Mentors play a critical role in the success of teachers. Even following a quality student teaching experience, new teachers still have a lot to learn. There are so many nuances to the profession, to the grade level, and to each particular school. Plus, there is much to be learned even after the teacher has graduated.
Formal vs. Informal Mentoring
At the start, it’s important that we define the different types of mentoring that take place in a school. Some mentoring occurs in an informal way, usually with experienced teachers who take on a new role or a new position in a school. Informal mentoring is important to help communicate culture and procedures in a school.
Formal mentoring is more structured and typical with new teachers to the profession or the career. In our state, we have requirements for mentoring in order for conditionally licensed teachers to obtain a professional license. This type of formal mentoring structures conversations and topics between the mentor and the teacher. This is a great model for learning and growing in the profession.
Roles of a Mentor
Mentoring can be a complex task. It can feel as though there are so many things to learn that it is nearly impossible to help the teacher in an effective way. The mentee can be less than willing to listen at times and can feel really overwhelmed themselves.

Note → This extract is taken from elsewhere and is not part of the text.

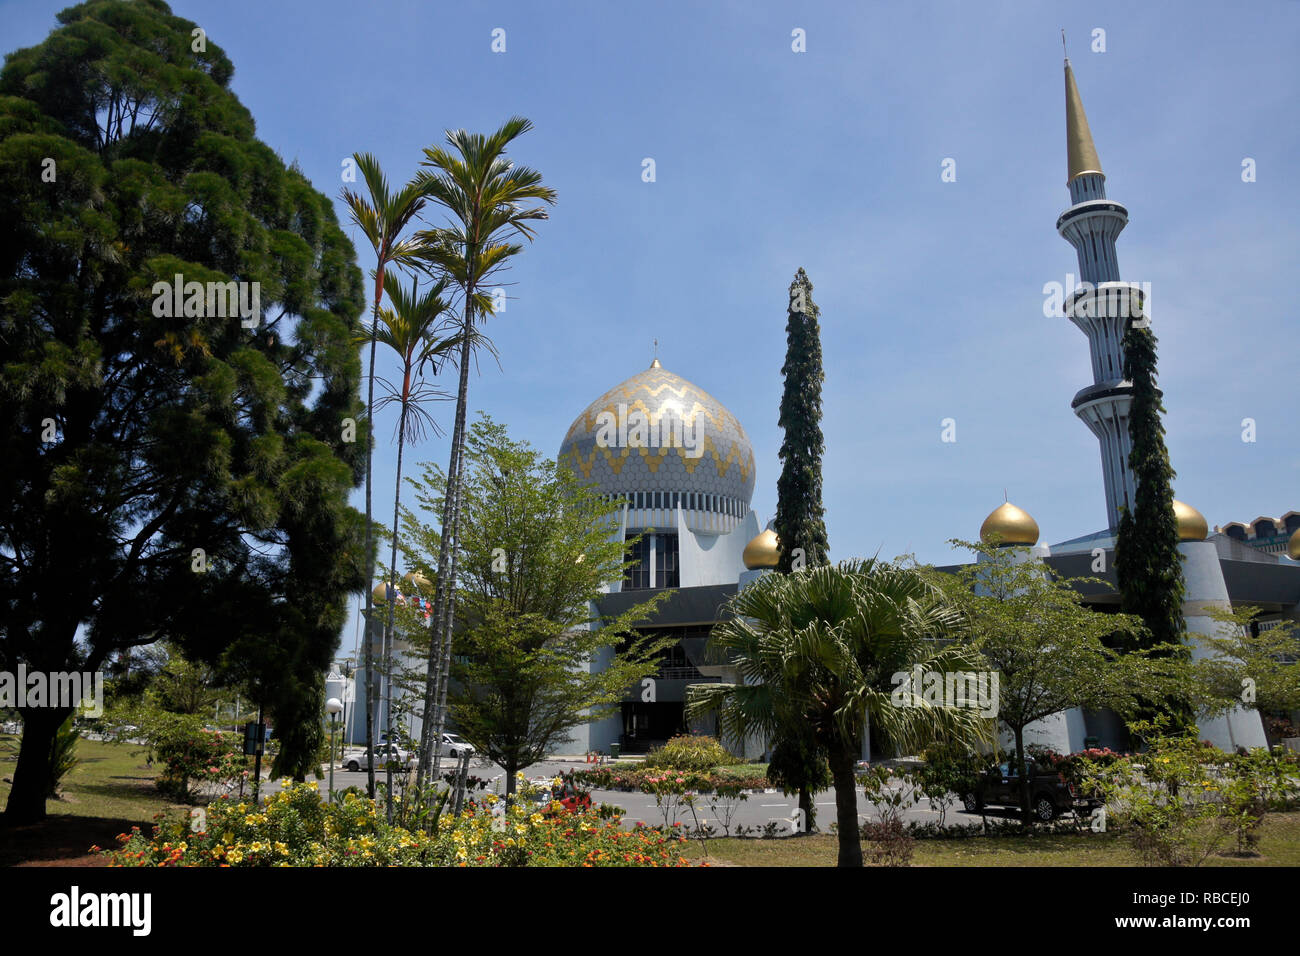 State Mosque, Kota Kinabalu, Sabah (Borneo), Malaysia - Stock Image

Because of this, mentors need to wear several hats in order to be effective mentors. Mentors need to be able to work with the mentees in different ways to meet their needs. Here are a few different “hats” that the mentor must wear in order to be an effective communicator with the mentee:
Mentoring like a coach: The mentor needs to “coach” the teacher through the year. Like great coaches, there is a great deal of motivation that is needed to be successful. Coaches find the strengths in a player and encourage them. They are also able to provide opportunities for feedback on areas to improve.
Mentoring like a friend: As a friend, we mentor one another in a different way. Friends have a strong bond and relationship with one another. When we work as friends, we laugh and cry together. Most importantly, we share with one another truthfully about what we think and feel. This is really a critical piece for a good mentor/mentee relationship. With communication that is trusting and clear, mentors can really know how to support the teachers they are working with.
Mentoring like a peer: Teachers need to mentor other teachers. Principals or counselors can help to mentor new teachers, but the advice and support really has to come from a peer. The importance of teachers mentoring other teachers can’t be understated. And, the mentor needs to mentor the new teacher into the “profession” as much as into the school or grade level.
Mentoring like an evaluator: This is probably the hardest hat for the mentor to wear, but it is an important one. Teachers don’t like to feel as though they are “evaluators” of one another—I wouldn’t really encourage that myself. The mentor should provide feedback about the process of being evaluated and what the principal (or evaluator) is looking for. This is the kind of specialized knowledge that can’t be gained from a handbook or staff meeting. This insight will really help the new teacher to be successful as an employee as much as a teacher.
Other Factors to Consider
There are a few other insights I have noticed about successful mentoring. First, it is critical that there is scheduled time and topics for the mentor and the mentee. It's easy to “skip over” some of the communication that should be taking place. The assumption that the mentee already knows this or that is a bad one, so structure is critical to success with mentoring.
I have noticed that it works well, if possible, for teachers to mentor one another from other grade levels. At times, the teachers need to have the ability to share information about those they work with the most. If there are two third grade teachers in a school, as a principal, I would try not to have the new third grade teacher mentor with the teacher in the same grade.
With a structure, a schedule, and open lines of communication between the mentor and mentee, it can produce great teachers and great professionals who feel supported in their first years.